4 years of a Mediterranean Journalistic Network
Catherine Cornet - 26/05/2006
In presenting Babelmed’s work over the past 5 years, I am making a highly relevant contribution to today’s conference. Babelmed, the site for Mediterranean cultures, was launched in 2001, a year in which neoconservative theories on civilisation spread worldwide. A year in which the words such as Islam and the West started to be used as indisputable explanations for the state of today’s world. On 16th September 2001, Edward Said was already writing what sounds like a call to reason in his article: “Islam and the West are not the right flags”. This title perfectly sums up Babelmed’s editorial approach since its creation: to fly no flags.
I think everyone around this table is aware that we are all living a different Mediterranean experience. This is clear in our daily working lives: it is hard to meet and get together, we don’t have the same problems with customs officials or with our own governments, we are not under the same external pressures. And how can we forget that so much of what we have in common is the fruit of colonial struggles and occupation.
And yet. The Mediterranean identity is incredibly rich. It is an identity based on its complex diversity. It is this subtle cultural identity – which is so far from those simplistic Manichean theories - which, I believe contributes to the richness of our editorial content.
Babelmed is structured around an editorial team based in Rome and a network of correspondents based in major Mediterranean countries. The Roman team is responsible for soliciting, editing and publishing articles and keep the network alive while our journalists keep us up to date on new ideas, artists and personalities from their countries and beyond.
From an editorial point of view, it is fascinating to look at the various transversal subjects and topics which concern the Mediterranean region as a whole. Indeed, Babelmed features are created around a central theme to which each journalist brings a different point of view. For example, a feature on the city of Marseilles could include articles by Syrian and Maltese journalists describing their experience of the city. In the same way, a feature on migrations can be looked at from both a northern and a southern perspective, or by looking at the aftermath of war in cities such as Nicosia, Sarajevo, Bayreuth or Ramallah…

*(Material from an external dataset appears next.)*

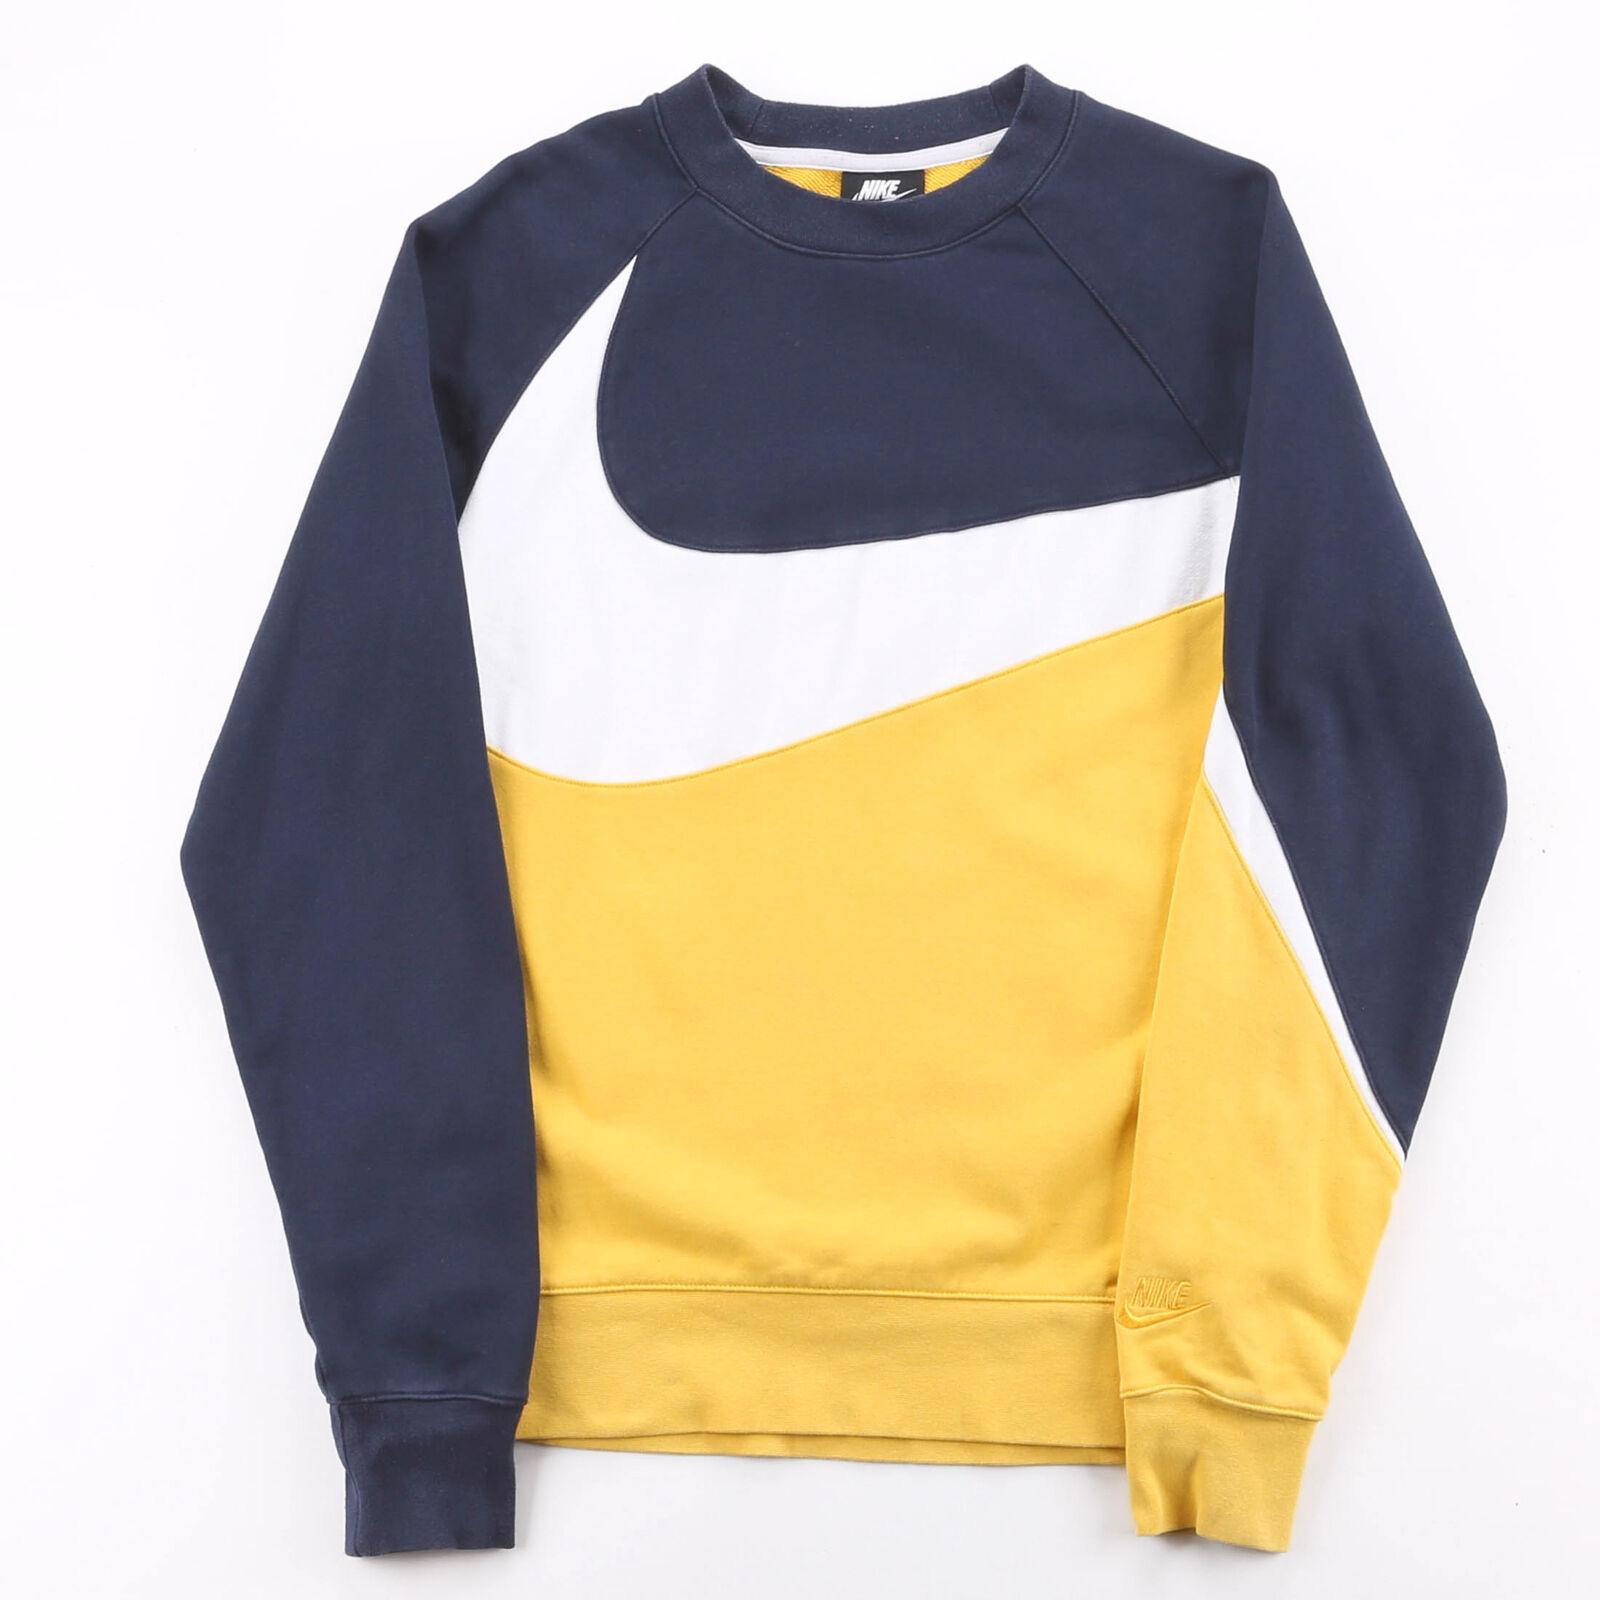 NIKE Yellow 00s Crew Neck Sweatshirt Mens XS

The Babelmed website published articles both in English and French and in part Arabic. Our objective for 2006 is to produce an Italian version too. This linguistic diversity and large number of translations is without doubt one of our biggest asset. We take advantage of our correspondents’ in-depth knowledge and insider vision. In some way they are “sent to investigate” their own countries and their own cultural environment.
“What went wrong?” asks Bernard Lewis in his latest book which follows his earlier work: “Islam and the West”. For me, the work we are doing here today at the Capitol can provide an answer. I believe that the exchange and dissemination of accurate information from the inside can make a real difference.